### Supplied material
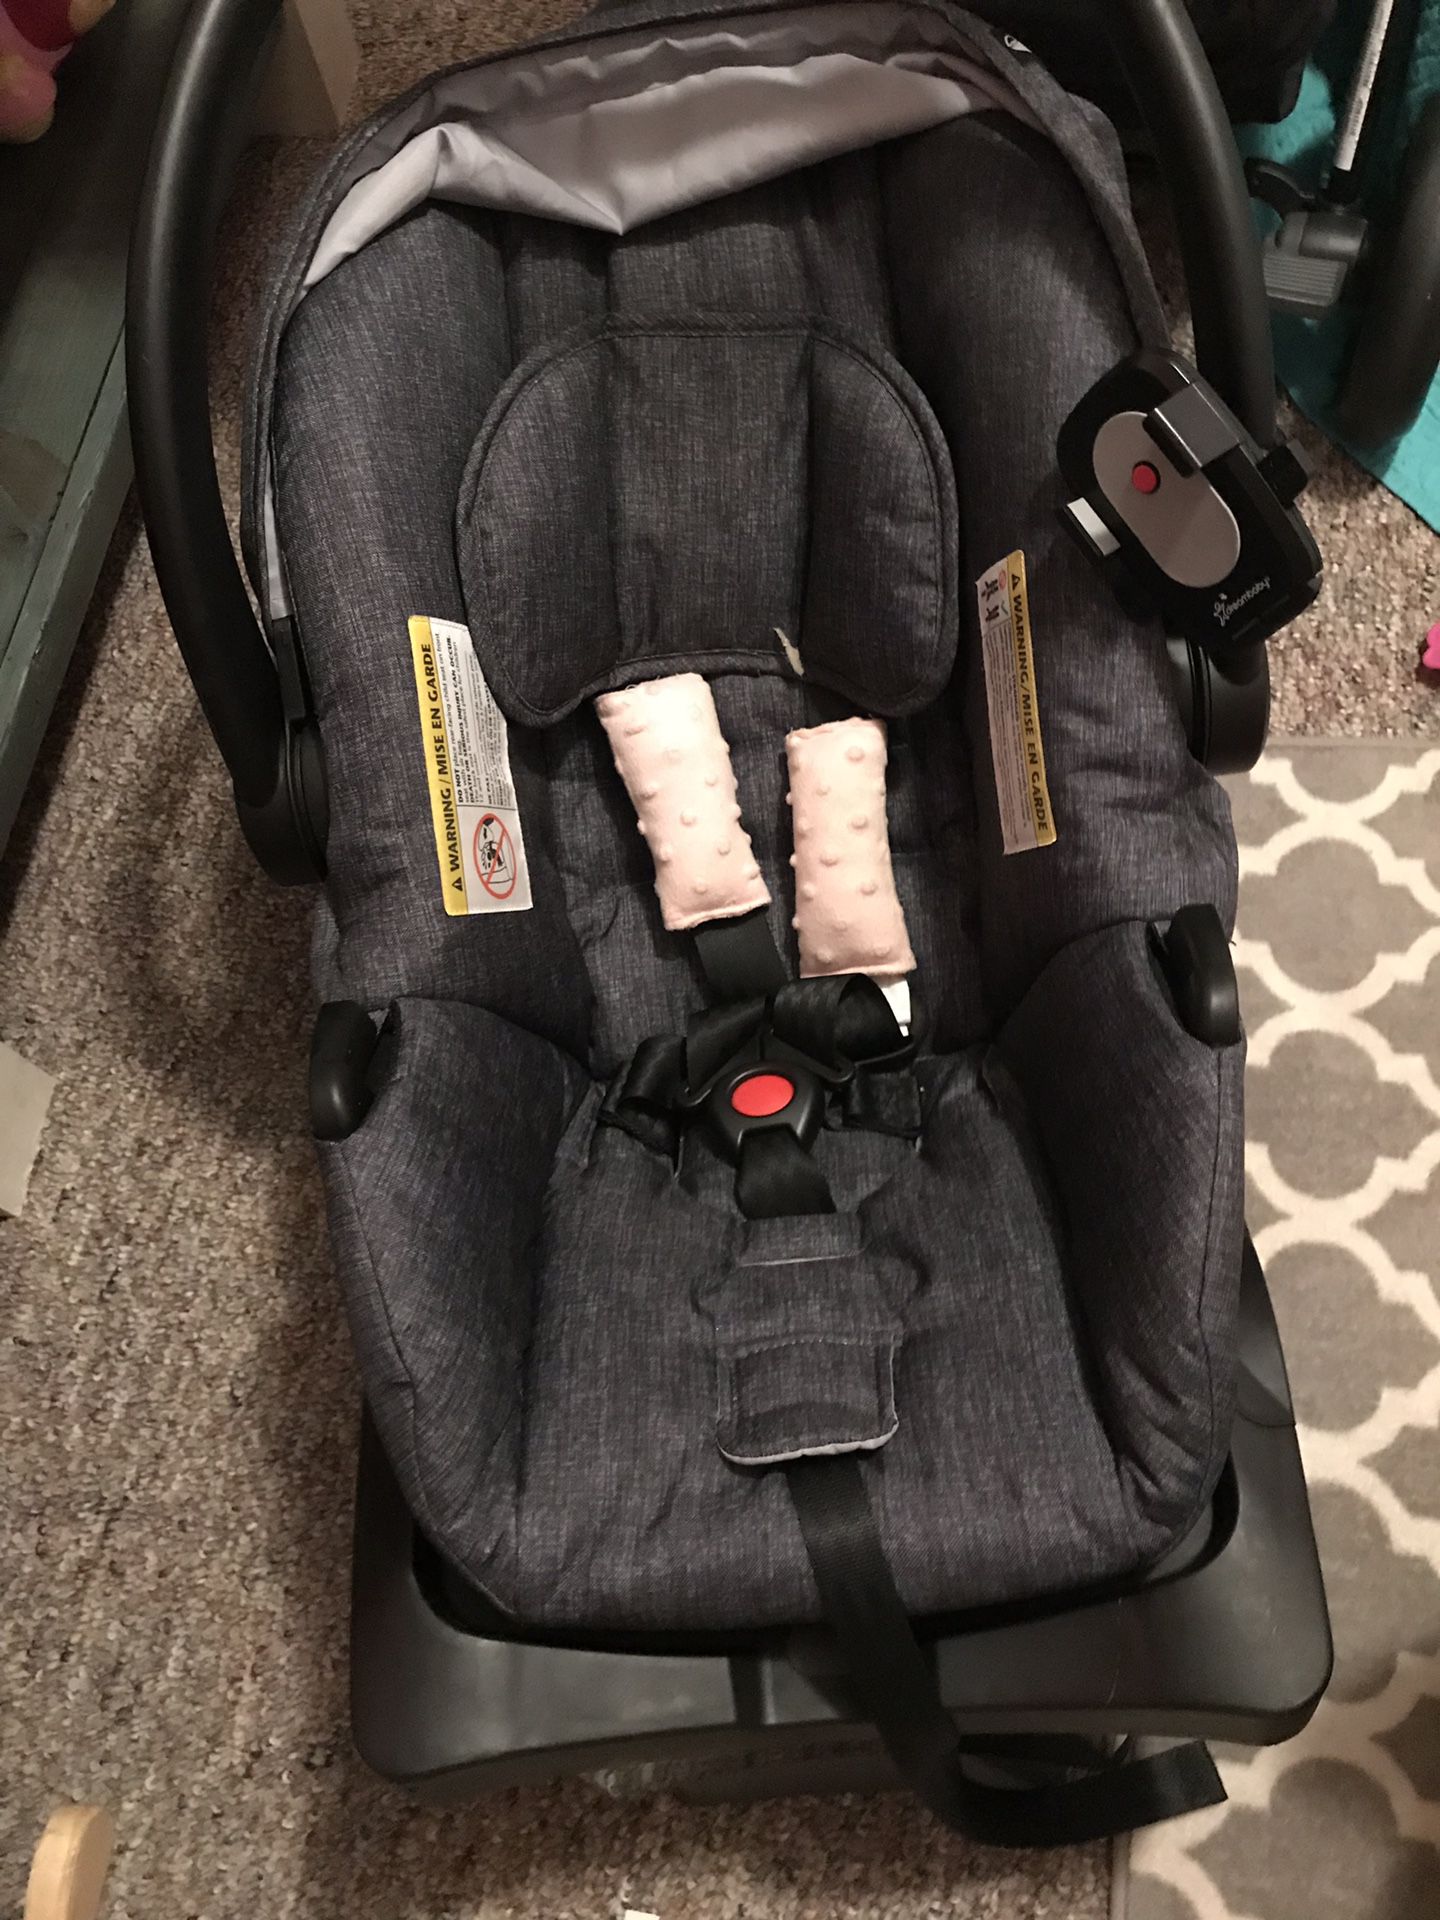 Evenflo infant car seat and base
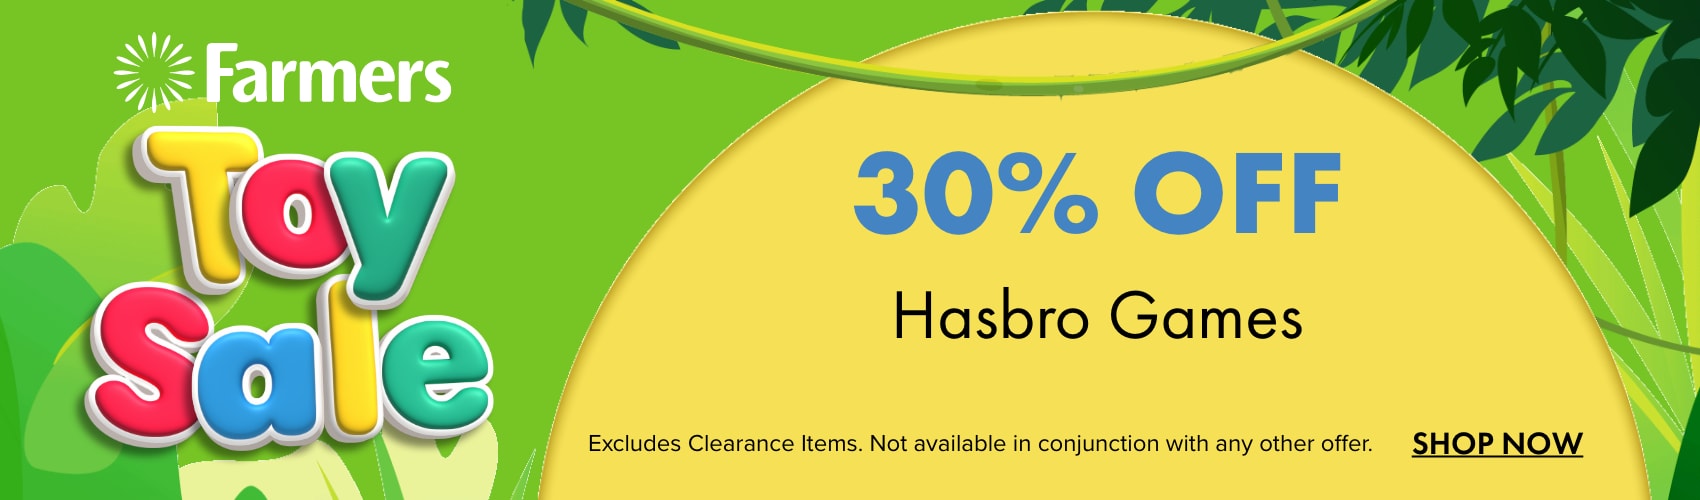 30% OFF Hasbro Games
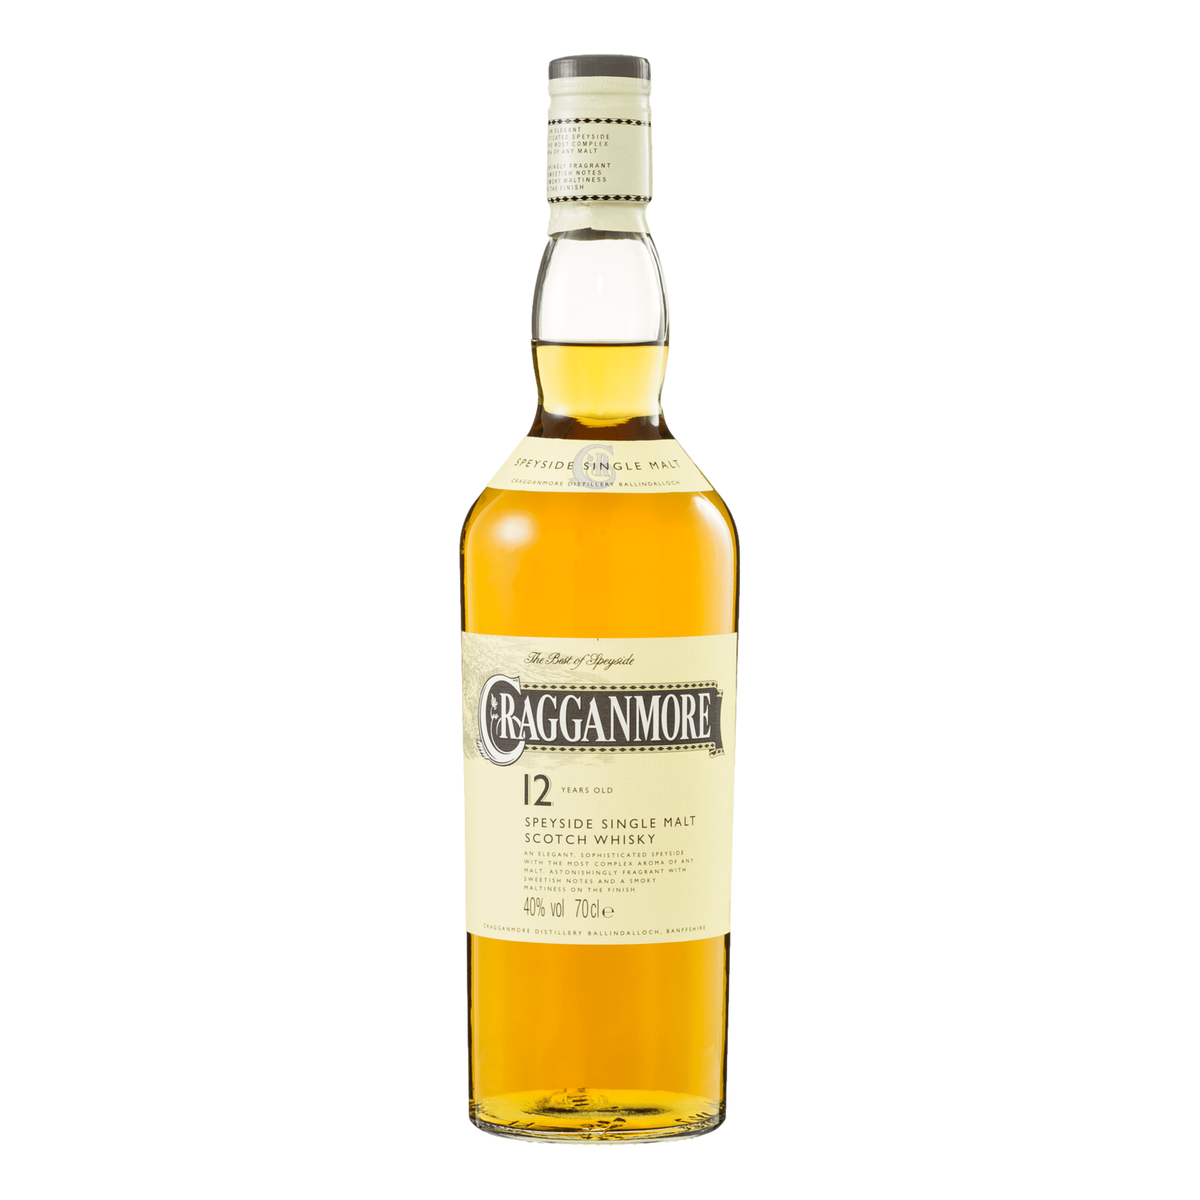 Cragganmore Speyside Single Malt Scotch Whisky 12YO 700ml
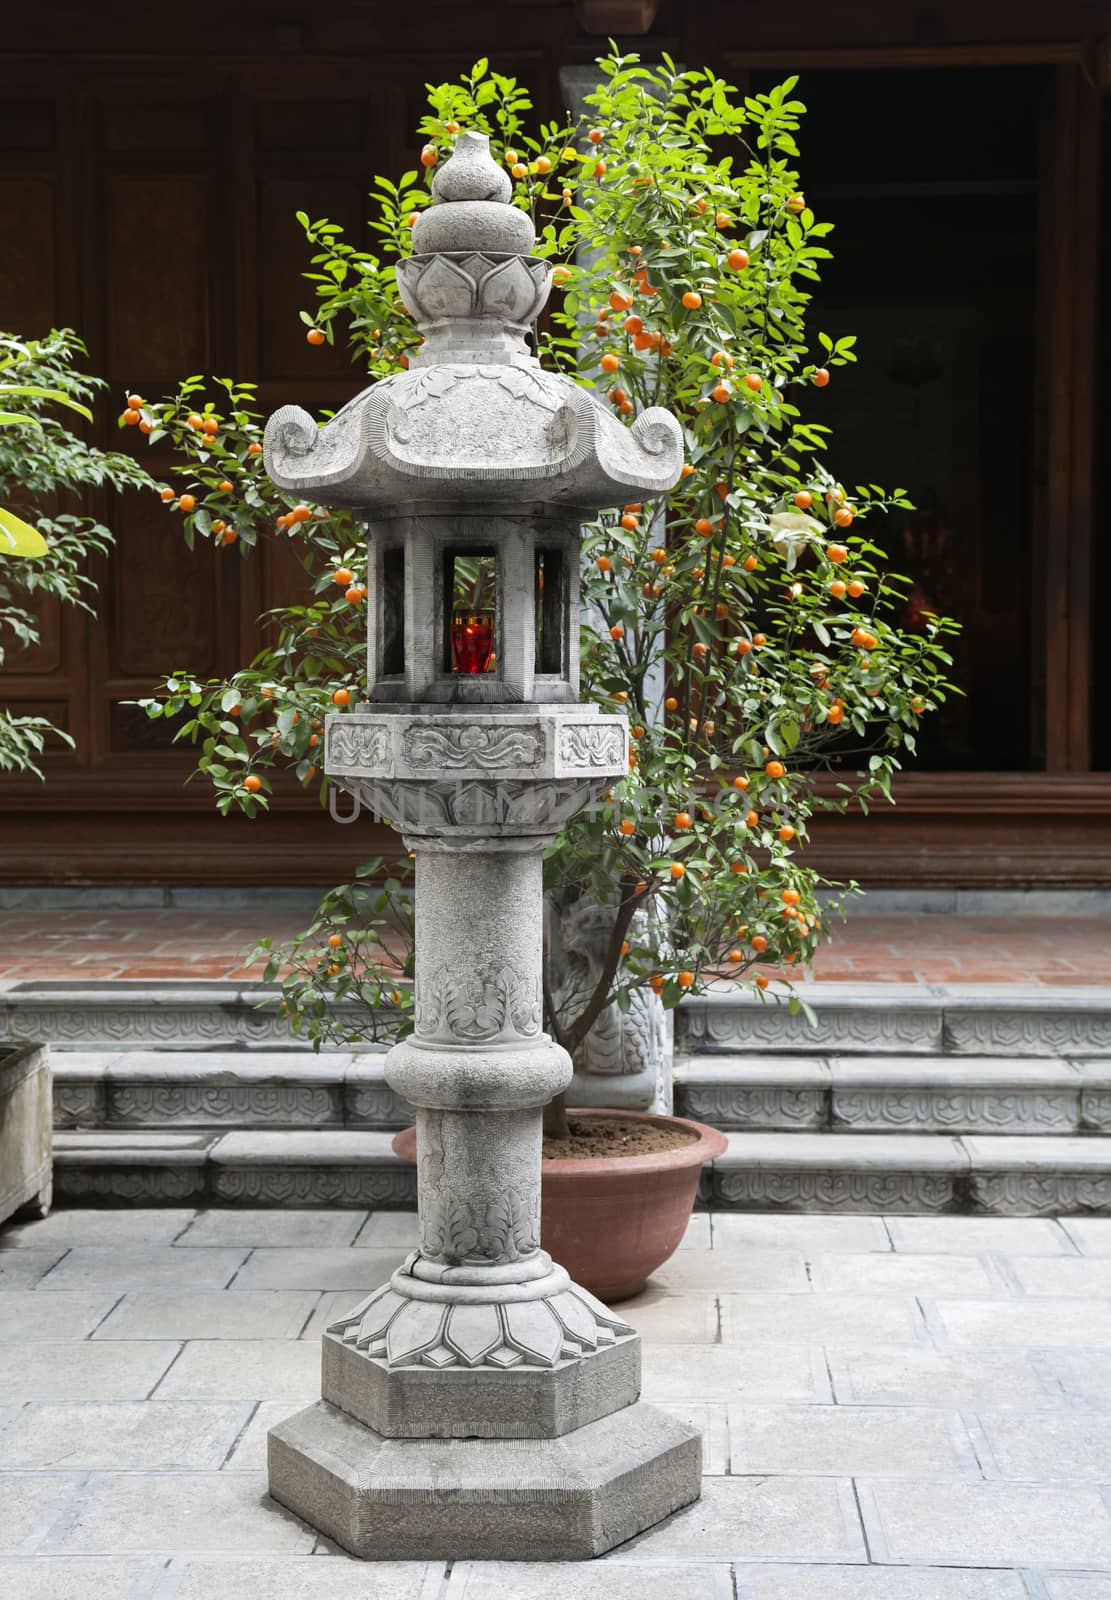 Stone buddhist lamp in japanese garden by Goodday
######
Exercise brief: Give an exact copy of the listing, without its pictures.

Solved problem:
 Evenflo infant car seat and base
 30% OFF Hasbro Games
 Cragganmore Speyside Single Malt Scotch Whisky 12YO 700ml
 Stone buddhist lamp in japanese garden by Goodday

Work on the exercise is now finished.